Но недостаточно внимательно, чтобы знать, как расколдовываются лягушки. Потому что иначе не спрашивал бы меня об отношениях с его братом. Возможно, он ошибочно предполагал, что на это способна и трехлетняя девочка, лишь бы королевской крови в жилах текло достаточно. Я не знала точно — могла лишь догадываться о планах Бахдеша. Возможностей просчитаться у него была уйма. Разнообразных слухов вокруг этой традиции ходило много, одна из придумок Наскара: истину очень легко спрятать в ворохе противоречивой информации. И я знала правду лишь потому, что была королевской крови.

Инициированная принцесса действительно подвигается в очереди на трон выше, чем ни разу не целовавшая лягушку, и наследование среди целовавших идет уже не по старшинству, а по времени поцелуя. Кто раньше принца расколдовал, тот и на трон раньше садится.

Просчет Бахдеша заключался в том, что поцелуй младенца еще не имеет силы, а значит, у Юсеньки еще лет тринадцать не было бы возможности стать инициированной принцессой. Даже мой поцелуй мог не сработать — мне ведь еще не исполнилось восемнадцати.
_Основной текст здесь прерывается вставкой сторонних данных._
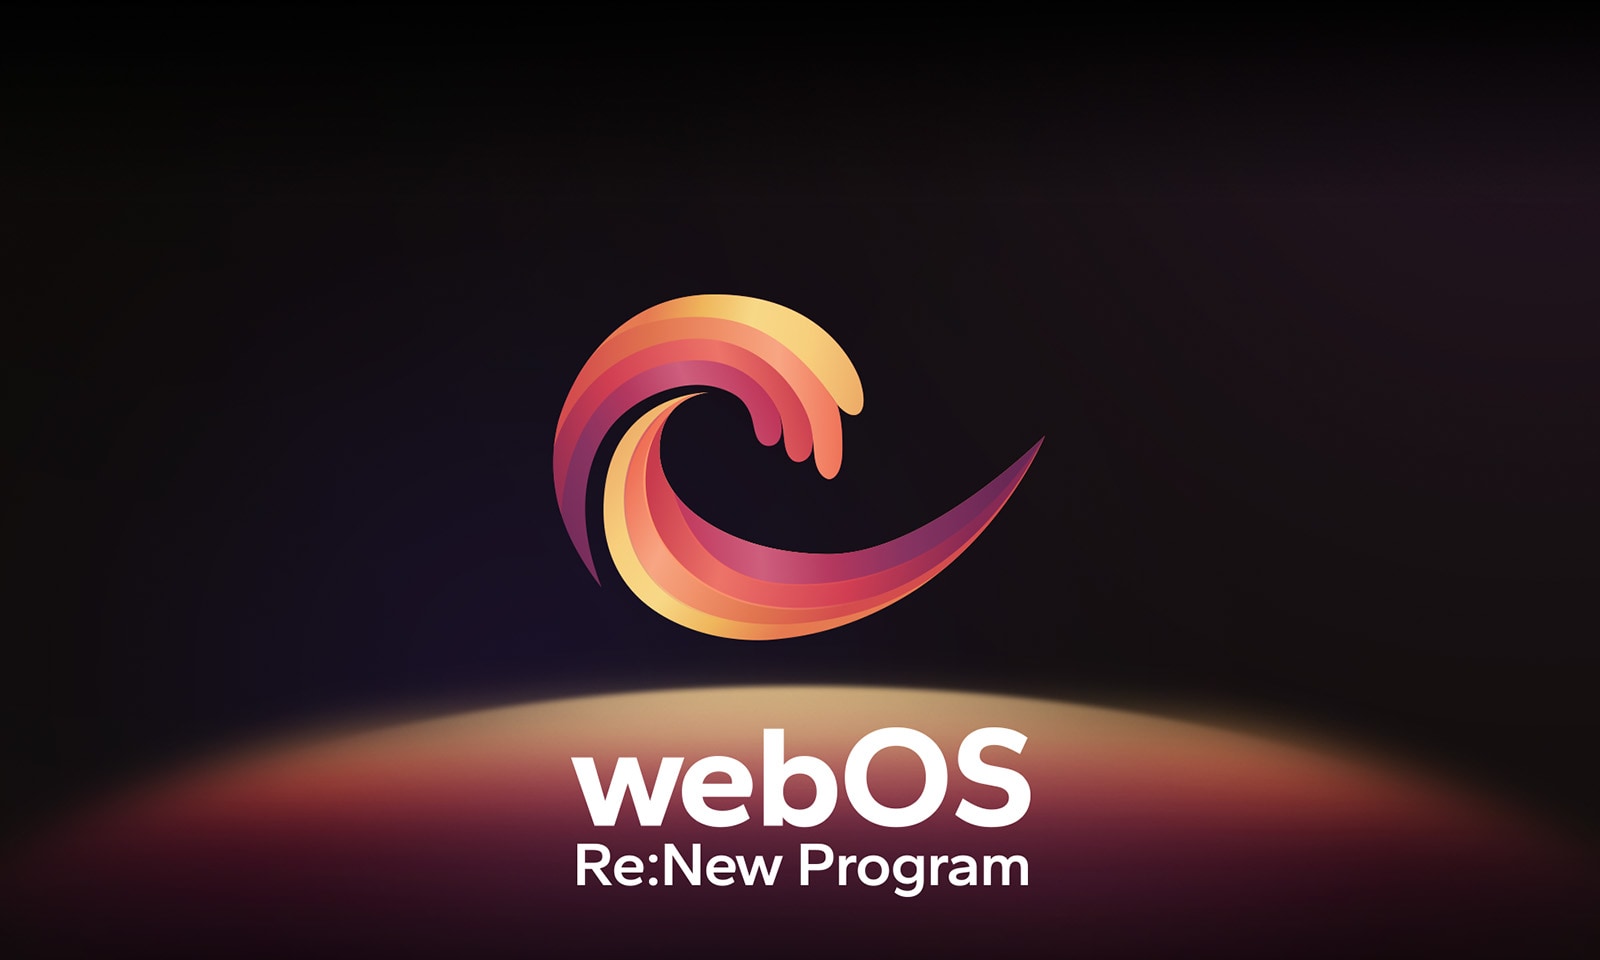 Mustan taustan keskellä on webOS-logo, ja sen alapuolella olevaa tilaa valaisevat logon punaiset, oranssit ja keltaiset värit. Logon alapuolella on teksti ”webOS Re:New Program”.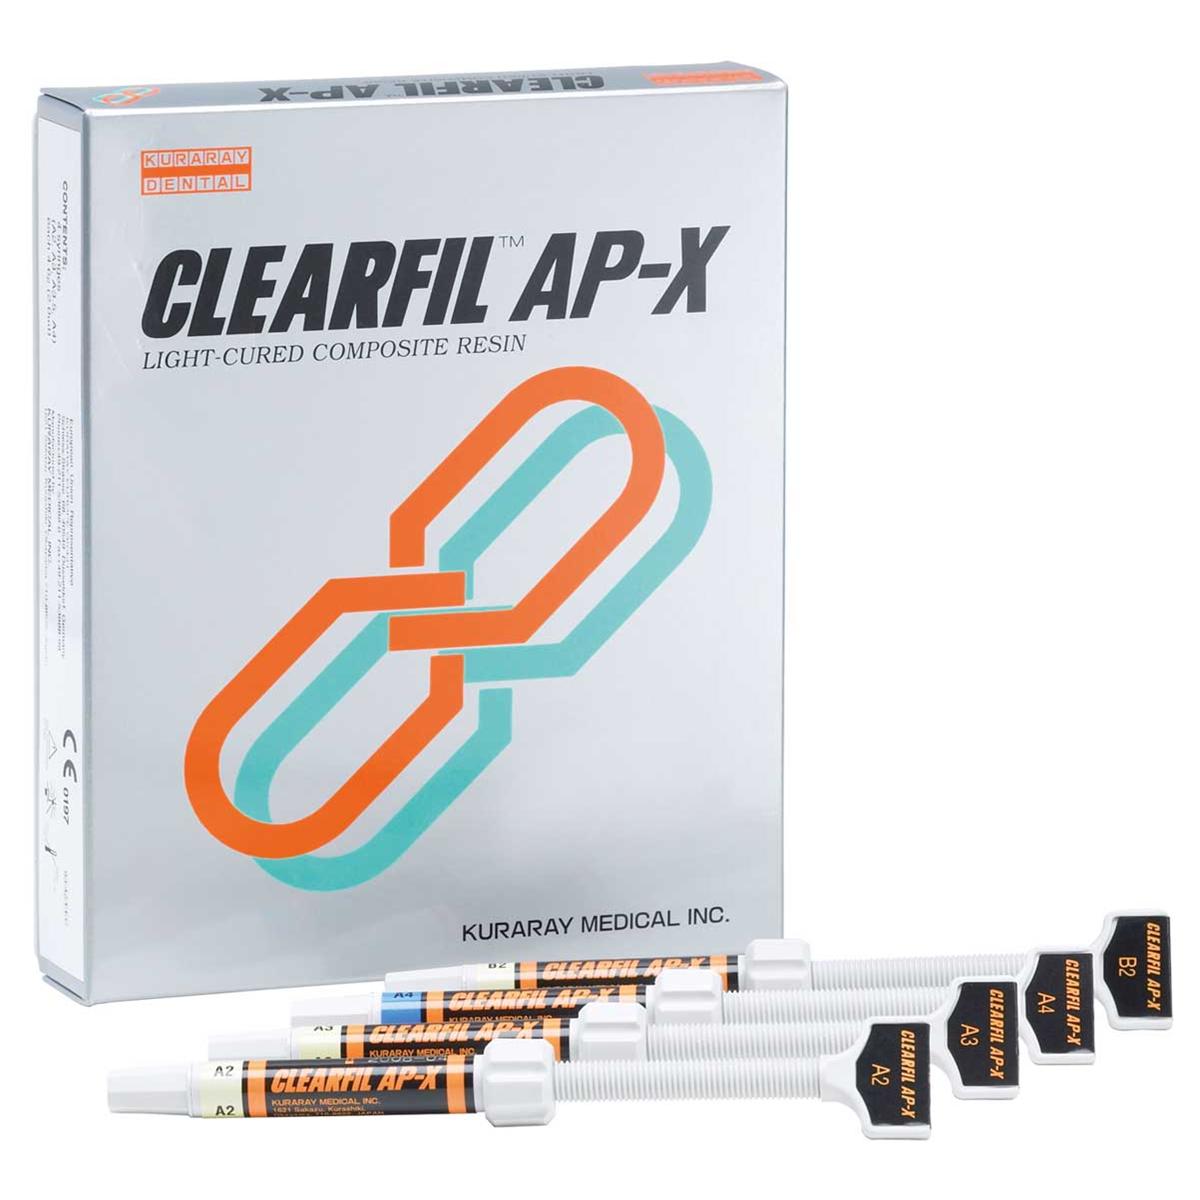 Clearfil AP-X: PLT XL, 0.20 g x 20, kuraray #1751KA

Так что, поцеловав Куца и расколдовав его, я плотно уселась на втором месте в очереди на трон. Но вот этого я решила не говорить — жить очень хотелось.

Бахдеш убрал руку с сабли, но кулак сжал.

Я уже раскаивалась в своих излишне смелых словах. Бешенство покидало меня, и на смену ему возвращался уже привычный страх. Я же не храбрая — я осторожная. А только что я совсем позабыла об осторожности.

Это могло стоить мне жизни. Мне и Дальке.

— Я могу убить тебя так, — сказал он вкрадчиво, — чтобы ты умирала долго. Так долго, что когда твоя земля захотела бы мстить, я бы был уже на своей земле. Я могу запереть тебя в здешнем погребе без еды и воды; я могу пустить тебе кровь отравленным кинжалом, и последние часы жизни ты будешь метаться в лихорадке, умрешь так мучительно, что твой призрак навеки окажется прикованным к этому грязному месту. Но я пока не делаю этого, и ты должна быть благодарна мне за этот шанс. Так скажи же мне, не томи: что связывает тебя с моим братом?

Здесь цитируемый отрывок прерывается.